The operation of the cooling device 5 will be described.
As shown in FIG. 4, when the cooling fan 50 is driven, outside air sucked from the intake port 111 flows in the intake duct 61 and is introduced into the cooling fan 50 as indicated by an arrow A. As indicated by an arrow B, outside air (cooling air) discharged from the discharge port 501 of the cooling fan 50 flows in the discharge duct 65. The flow state of the cooling air so far is substantially laminar. The cooling air flowing in the discharge duct 65 flows into the three branched R discharge ducts 66R, the G discharge duct 66G, and the B discharge duct 66B.

  As shown in FIG. 4, the cooling air that has flowed into the R discharge duct 66 </ b> R is substantially as shown by an arrow C by a plurality of projecting pieces 71 arranged so as to be substantially spiral in the flow converting portion 70. It is converted into a spiral flow state (turbulent flow) and discharged from the discharge port 661R toward the optical device 45 in a substantially spiral shape.

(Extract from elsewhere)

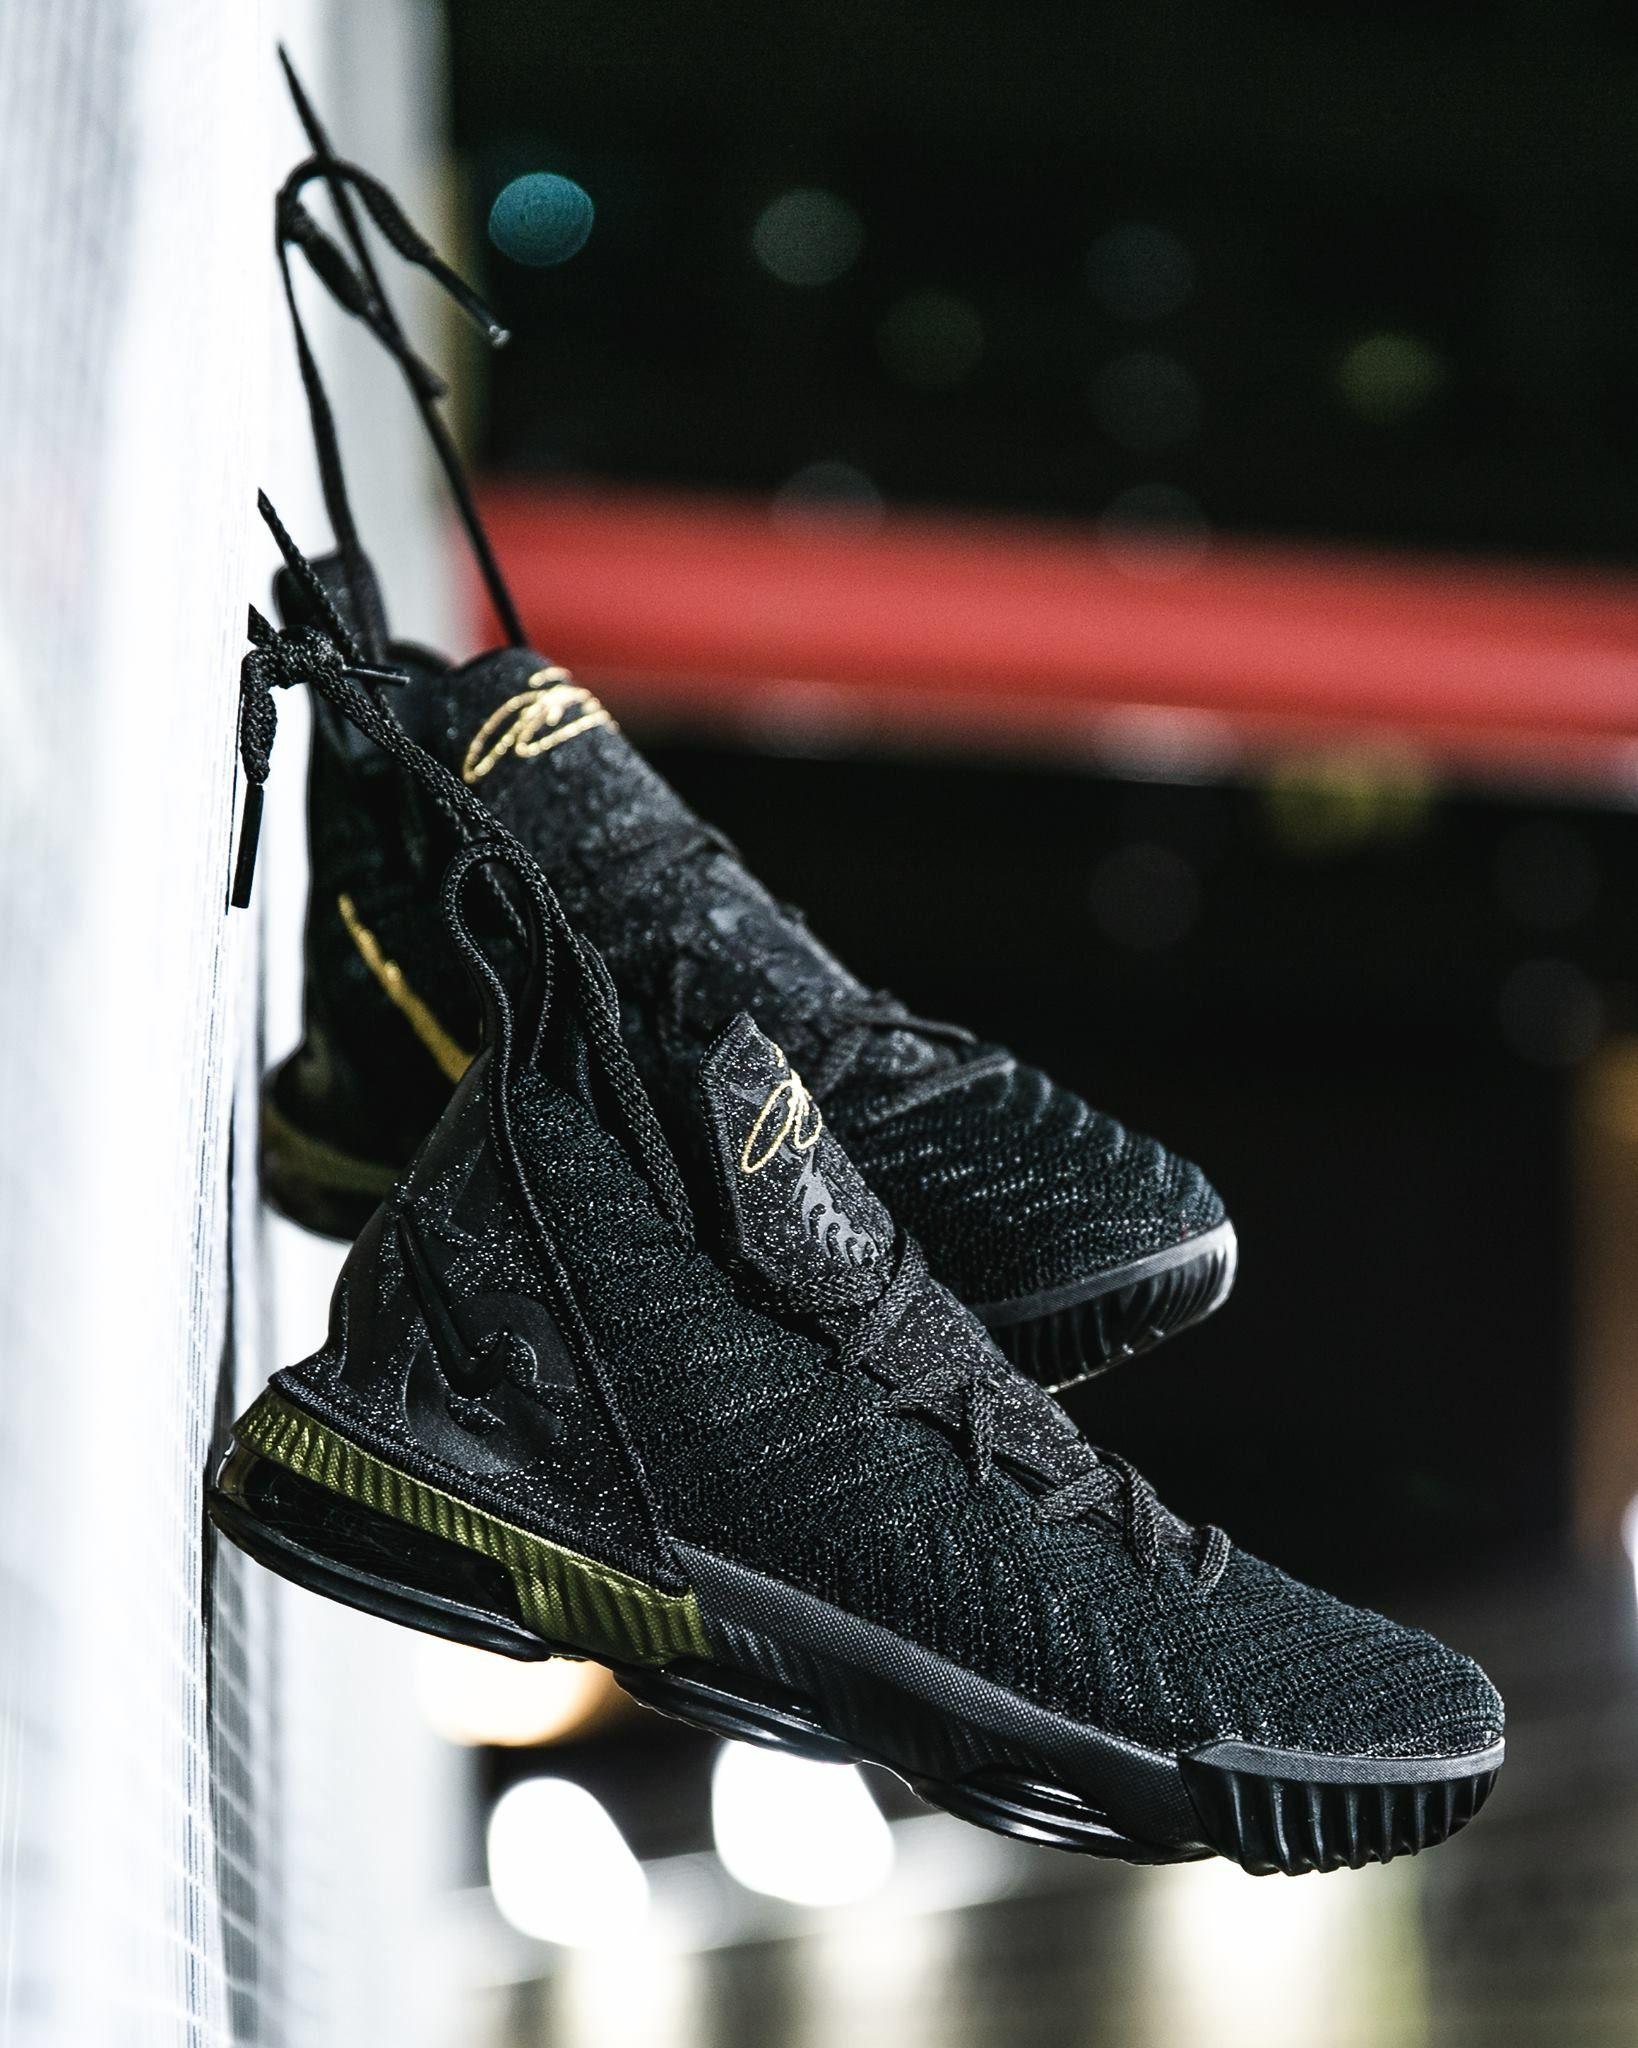 44c471d28c27 Nike LeBron King

  Cooling air as a substantially spiral turbulent flow discharged from the discharge port 661R of the R discharge duct 66R is located above the discharge port 661R, the R light liquid crystal panel 451R, the incident side polarizing plate 452, the emission side polarized light. By spraying on the plate 453, heat generated in the R light liquid crystal panel 451R, the incident side polarizing plate 452, and the emission side polarizing plate 453 is taken and cooled.

  The cooling air that has flowed into the G discharge duct 66G and the B discharge duct 66B is also changed in the flow state in the same manner as the cooling air that has flowed into the R discharge duct 66R, and is substantially spirally formed from the discharge ports 661G and 661B. Cooling air is discharged. Then, the G light liquid crystal panel 451G, the B light liquid crystal panel 451B, and the like, which are positioned above, are similarly cooled by the discharged cooling air.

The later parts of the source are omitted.